FTFGAG 1: Every finitely generated abelian group $G$ is isomorphic to a direct product of cyclic groups in the form $$ G \cong \mathbb{Z}_{p_1^{r_1}} \times \cdots \times \mathbb{Z}_{p_n^{r_n}} \times \mathbb{Z} \times \cdots \times \mathbb{Z}$$ where $p_i$ are primes (not necessarily distinct) and $r_i$ are positive integers.

But then we also have the second version:

FTFGAG 2: Every finitely generated abelian group $G$ is isomorphic to a direct product of cyclic groups in the form $$ G \cong \mathbb{Z}_{m_1} \times \cdots \times \mathbb{Z}_{m_r} \times \mathbb{Z} \times \cdots \times \mathbb{Z}$$ where $m_1 | m_2 | \cdots | m_r$.
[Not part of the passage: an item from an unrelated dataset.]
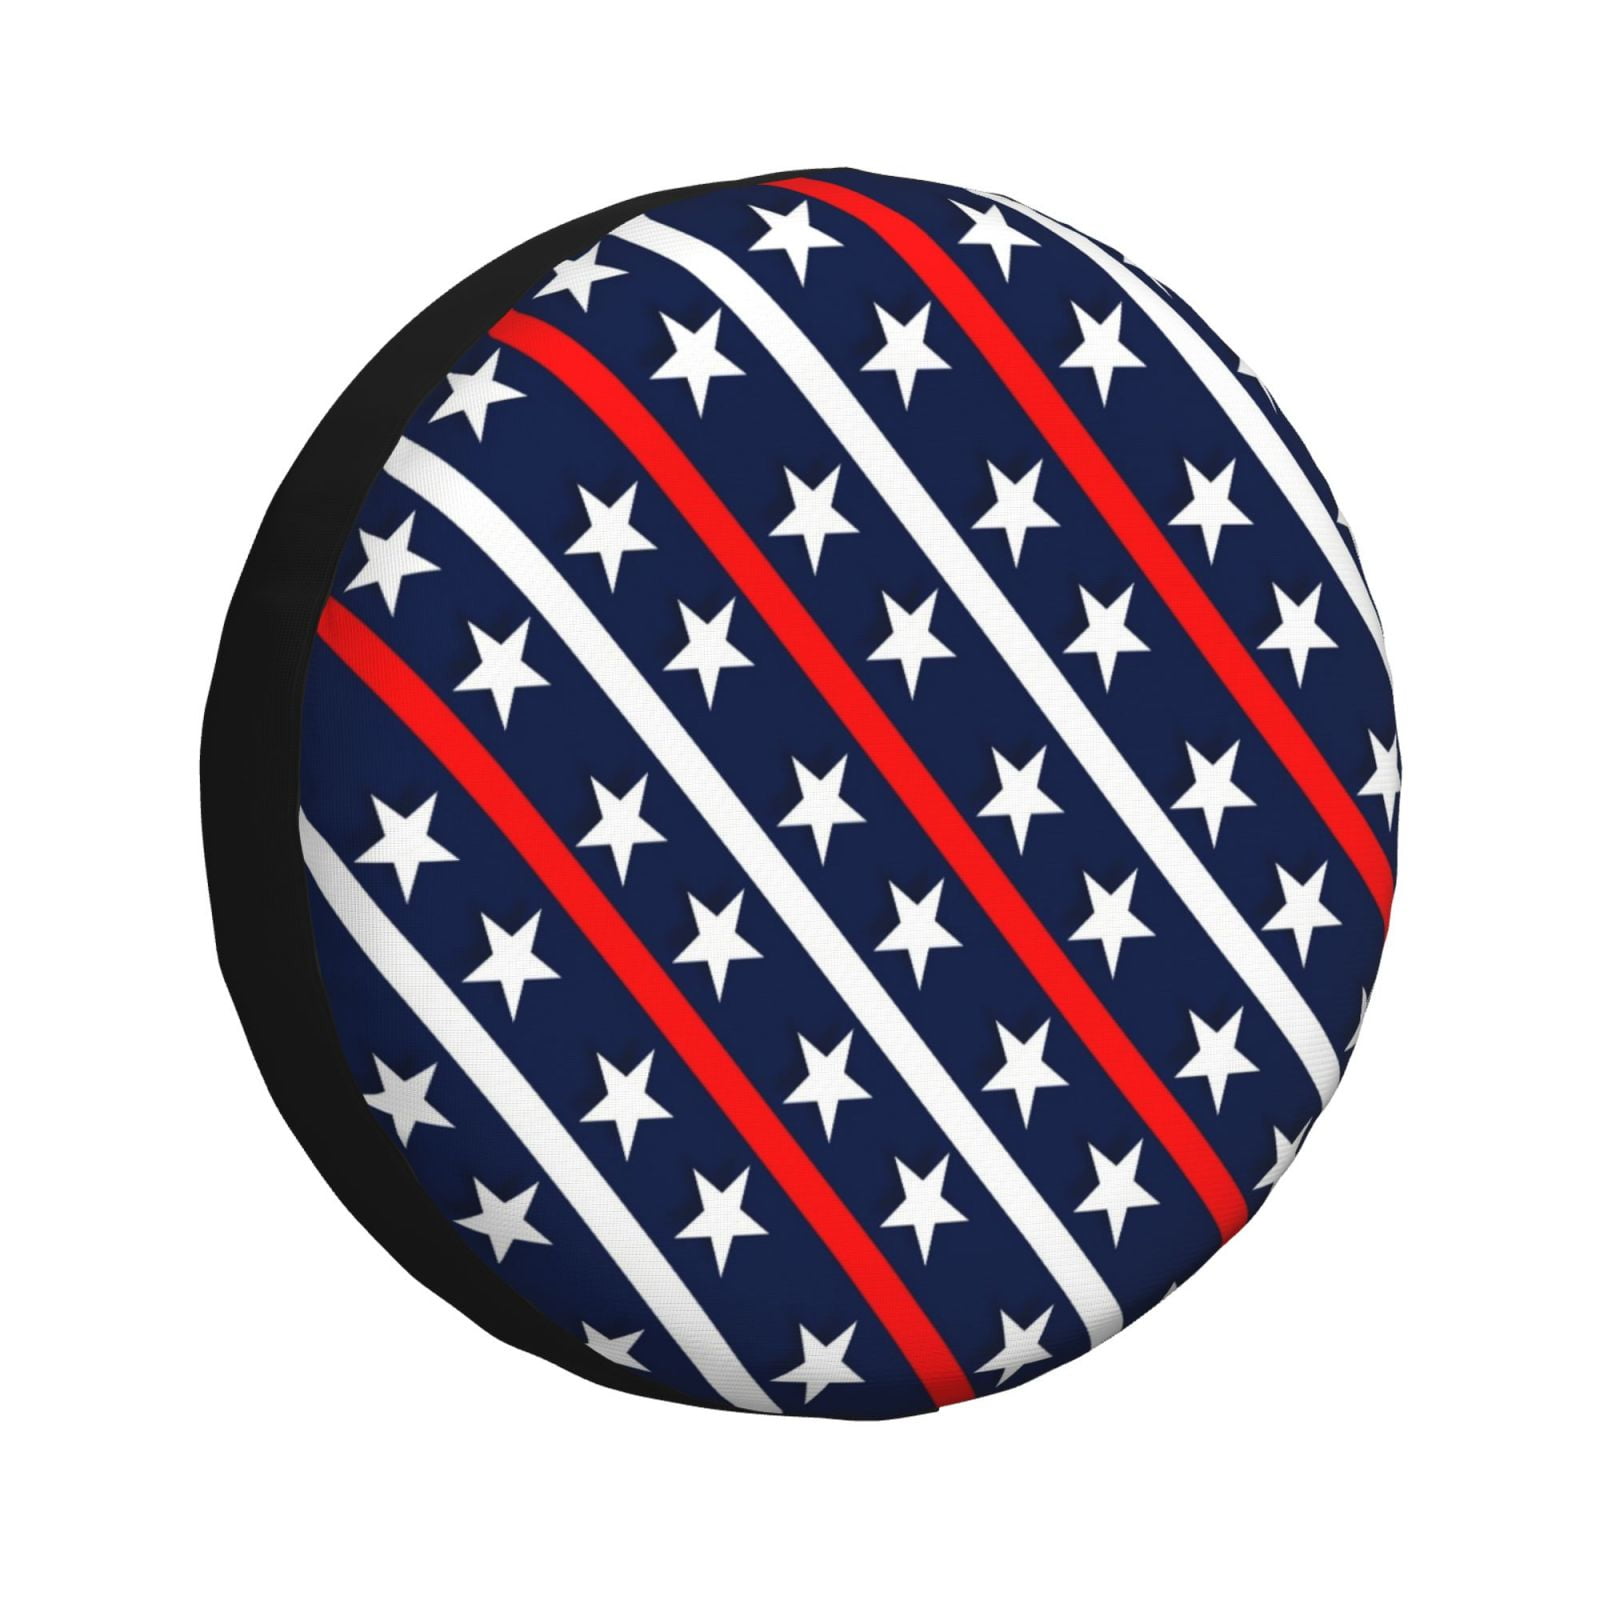 DouZhe Waterproof Spare Tire Cover, Patriotic Red White Blue Stars Strips  Prints Adjustable Wheel Covers Fit for Jeep Trailer RV SUV Car, 15 inch

My question is whether these two hold at all times? So say for $\mathbb{Z}_{20}$, do we have $\mathbb{Z}_{20} \cong \mathbb{Z}_2 \times \mathbb{Z}_2 \times \mathbb{Z}_5 \cong \mathbb{Z}_4 \times \mathbb{Z}_5 \cong \mathbb{Z}_2 \times \mathbb{Z}_{10}$, even though $10$ is not a power of a prime (though of course $2|10$)?

I've also seen statements of the Chinese Remainder Theorem (CRT) which say that $\mathbb{Z}_{nm} \cong \mathbb{Z}_n \times \mathbb{Z}_m$ if and only if $\gcd(n,m)=1$. Does this not contradict $\mathbb{Z}_{20} \cong \mathbb{Z}_2 \times \mathbb{Z}_{10}$ from above? Or is treating $\mathbb{Z}_n$ and $\mathbb{Z}_m$ as rings in the CRT what makes the situation different? I guess what I'm asking in a nutshell is: why don't the primary and invariant forms of the structure theorems for abelian groups (and also modules over PIDs, etc) contradict each other?

Many thanks for any answers.


Edit: So it seems that I didn't see this question which basically answers mine. CRT gives us a way of decomposition but FTFGAG only tells us that some decomposition is always possible. So for FTFGAG 1, $\mathbb{Z}_4 \times \mathbb{Z}_5$ suffices, for FTFGAG 2, $\mathbb{Z}_{20}$ suffices, and for the CRT $\mathbb{Z}_{20} \cong \mathbb{Z}_4 \times \mathbb{Z}_5$ works.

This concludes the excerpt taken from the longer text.